Julian Vasquez Heilig is one of two finalists vying to replace outgoing UH President David Lassner, who will retire by the end of the year. Heilig is the provost and vice president at Western Michigan University, and was dean at the University of Kentucky’s College of Education, Human Development and Sports Sciences between 2019 and 2023.

As did fellow finalist Wendy Hensel last week, Heilig is visiting four UH campuses this week to lay out his vision for the university at a series of question- and-answer sessions.

Heilig was repeatedly deferential to the Native Hawaiian community during Tuesday’s forum, emphasizing the need to respect Hawaii’s past and the legacy of its people. He said the university’s responsibility is to “ensure … the knowledge and traditions of this place are passed on … for generations to come.”

At the same time, Heilig said, UH requires a different touch than mainland universities.

“We need to create a system that’s grounded in indigeneity, community-facing and fully aligned with the values of this land,” Heilig said.

The university needs to acknowledge the colonial history of the state, and “think about our commitment to justice.” He said students from underrepresented groups tend to have lower graduation rates, student retention rates and worse job prospects out of college, which he would work to address as president.

The question of the Thirty Meter Telescope and the protection of Mauna Kea arose at the forum, but Heilig noted the future of that project is out of the UH president’s hands at this point.

“If asked by the regents, I would provide good input … as best that I can,” Heilig said.

Heilig said he has a history as a civil rights leader — he served as the education chair for the California and Hawaii state conferences of the NAACP — and those perspectives would influence how he interprets the president’s role to seek equity within the university.

On that subject, Heilig said students recently camped on the WMU campus in protest against Israel’s military actions in Gaza, and added that the event did not get significant media attention because he knew the university had to handle the matter with a delicate touch.

Heilig said his top priority if selected as president is to meet with UH chancellors, provosts and faculty to determine the strengths and weaknesses of the UH system, and devise pilot programs to begin to make improvements where needed.

This was a recurring theme in Heilig’s answers. A question about how to boost enrollment by members of marginalized communities led to Heilig recommending reaching out to those communities directly to learn what they want and how to provide it.

He was nonspecific about what some of those improvements might be, however. He later said he was uncomfortable answering a question about how to improve class availability or staffing shortages without looking at the data.

Heilig did make at least one concrete policy suggestion: “a Netflix approach to textbooks.”

He said that in order to counter the high cost of college textbooks, WMU has considered a model whereby students instead pay a per-semester subscription and have access to whatever books they need for that semester.
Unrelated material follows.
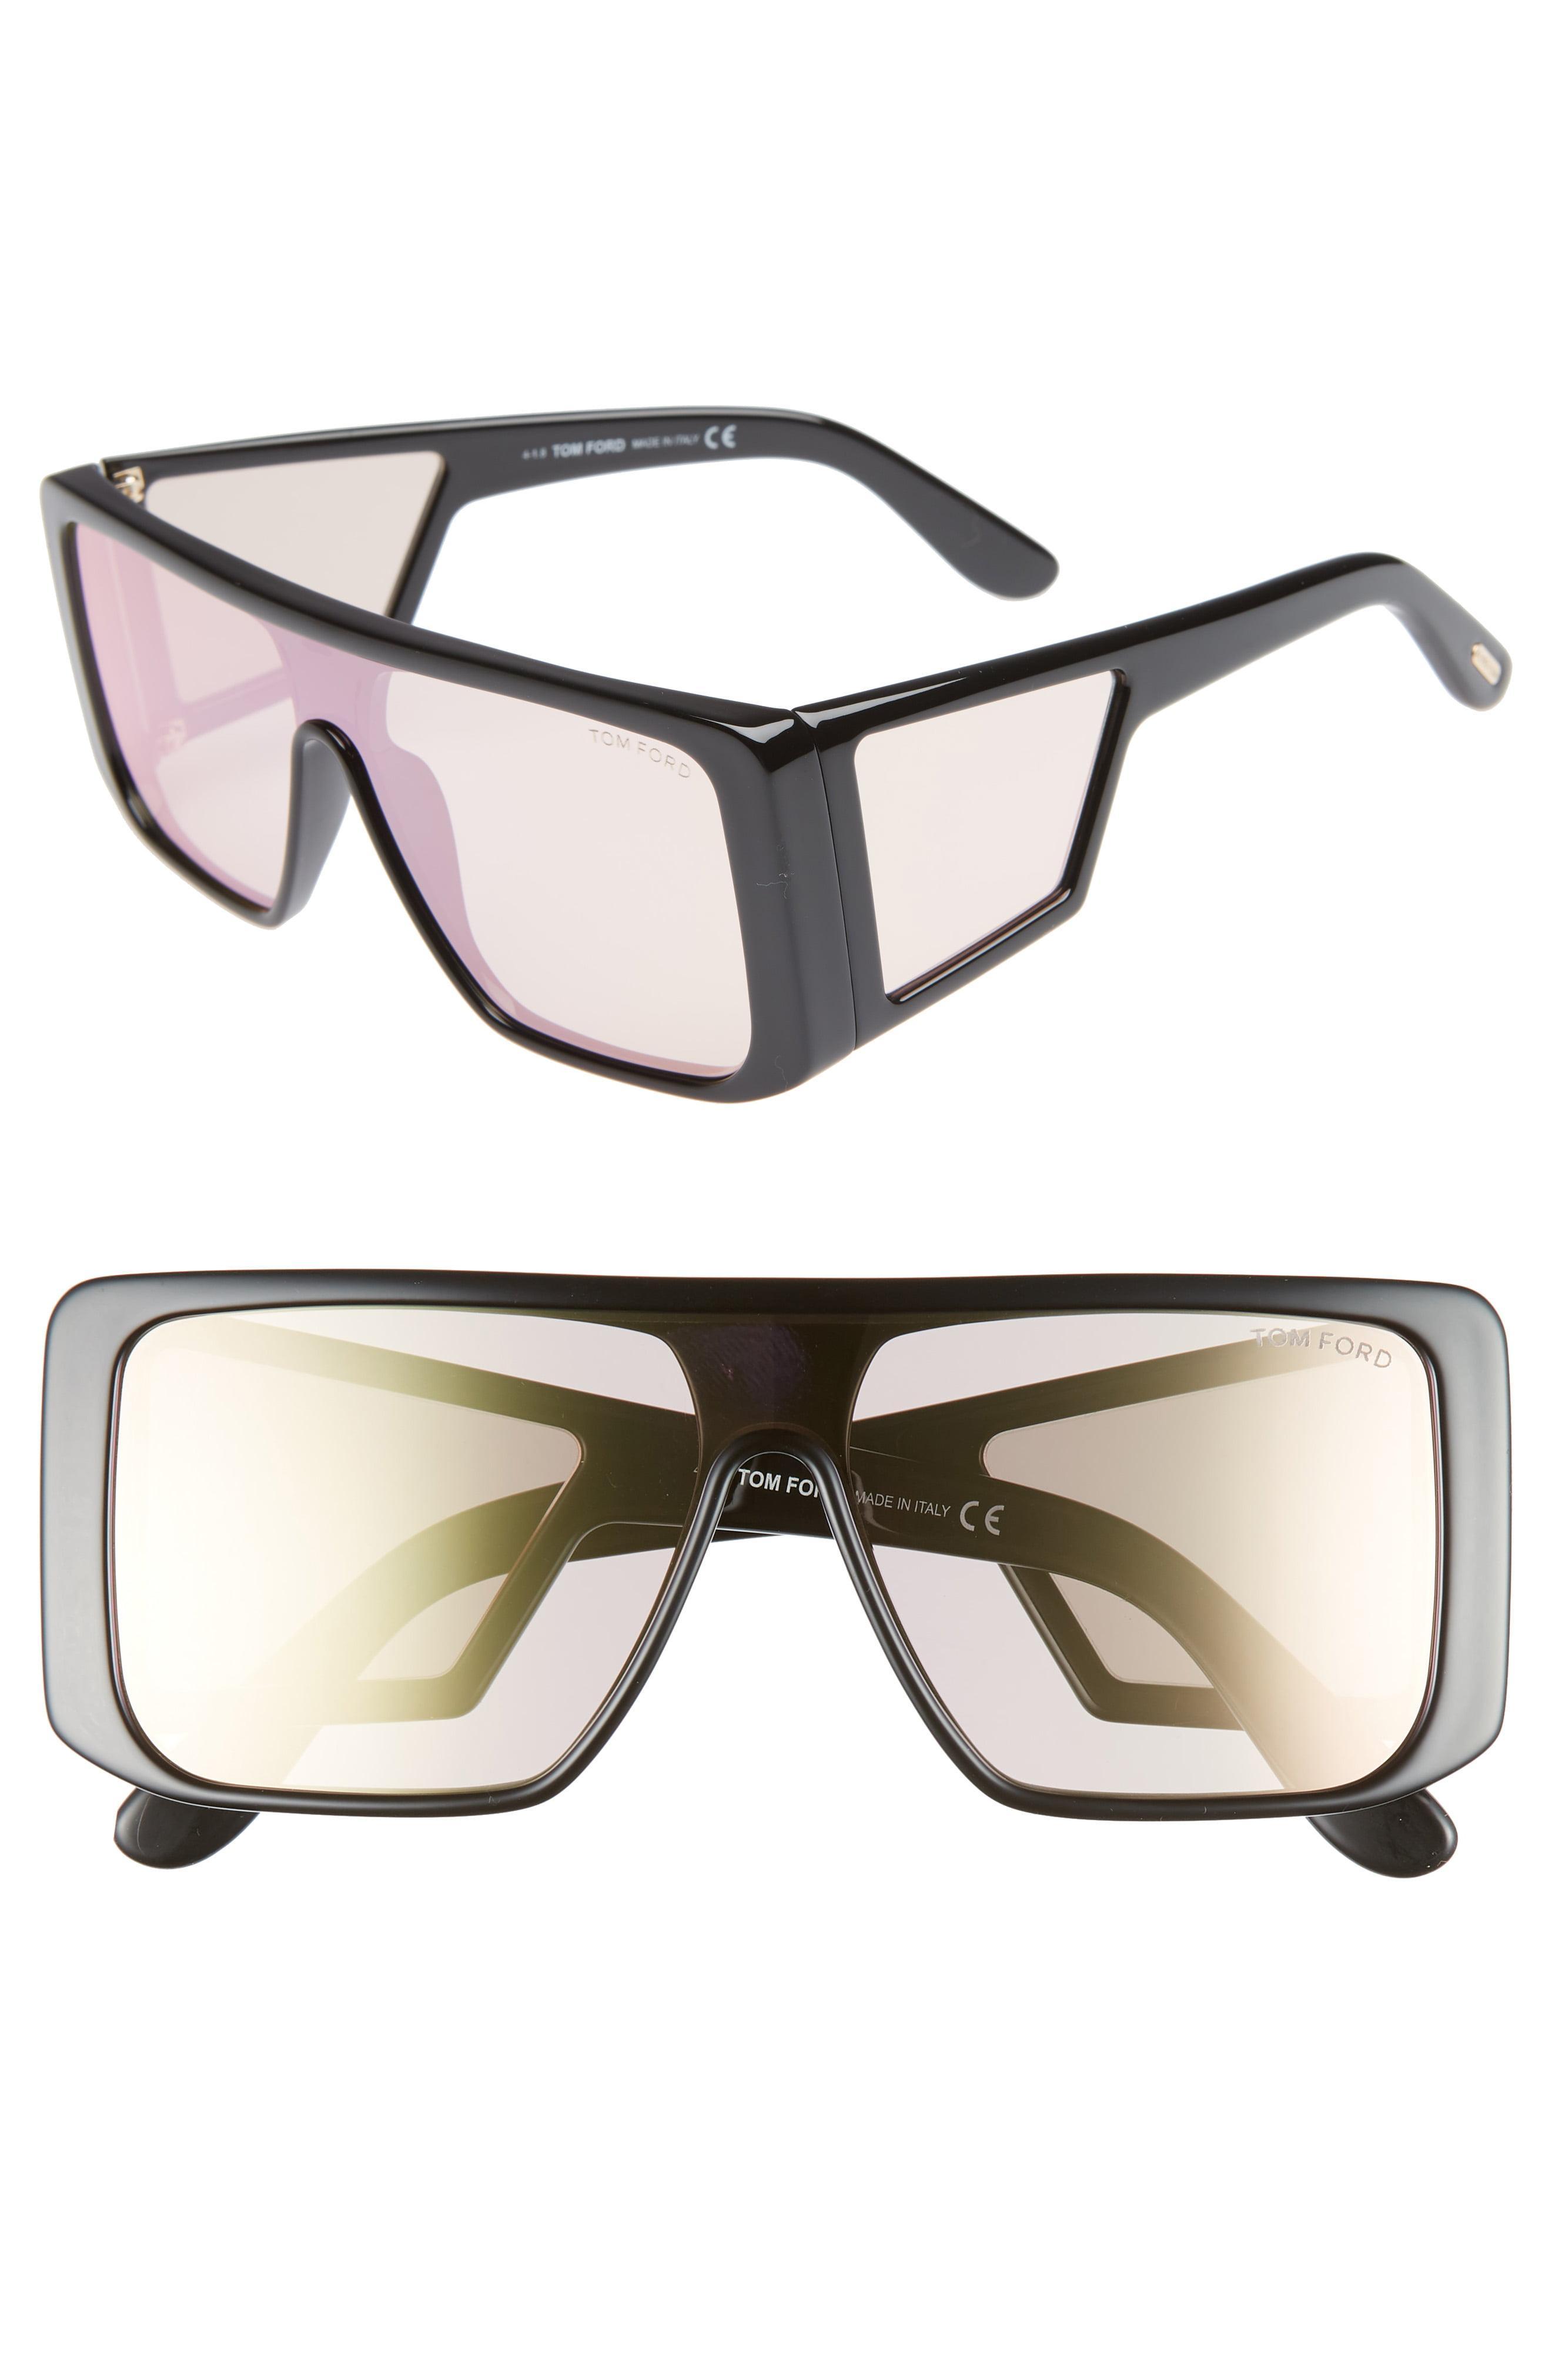 f5a2f1a083 Lyst - Tom Ford 132mm Atticus Shield Sunglasses -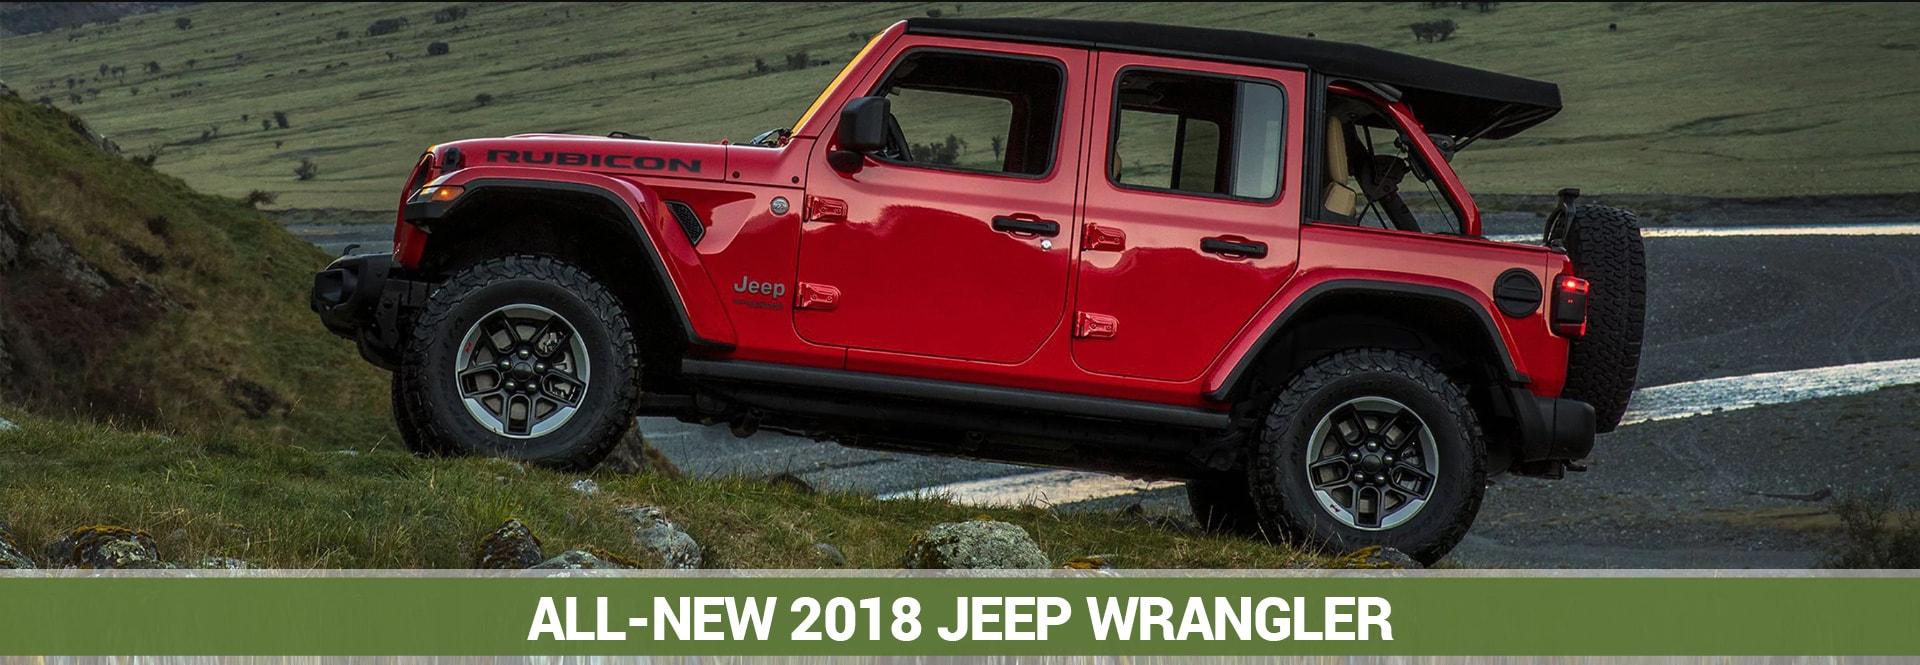 2018 Jeep Wrangler For Sale Barrie Chrysler Drain 2017

With Heilig’s forums completed, UH spokesman Dan Meisenzahl said the Board of Regents will consider attendee feedback before convening a special meeting on Oct. 16, where the board will individually interview both candidates. That meeting will be held under executive session, meaning it will not be publicly viewable.

After that meeting, the board will make a decision and likely will announce the new president by the last week of this month, Meisenzahl said.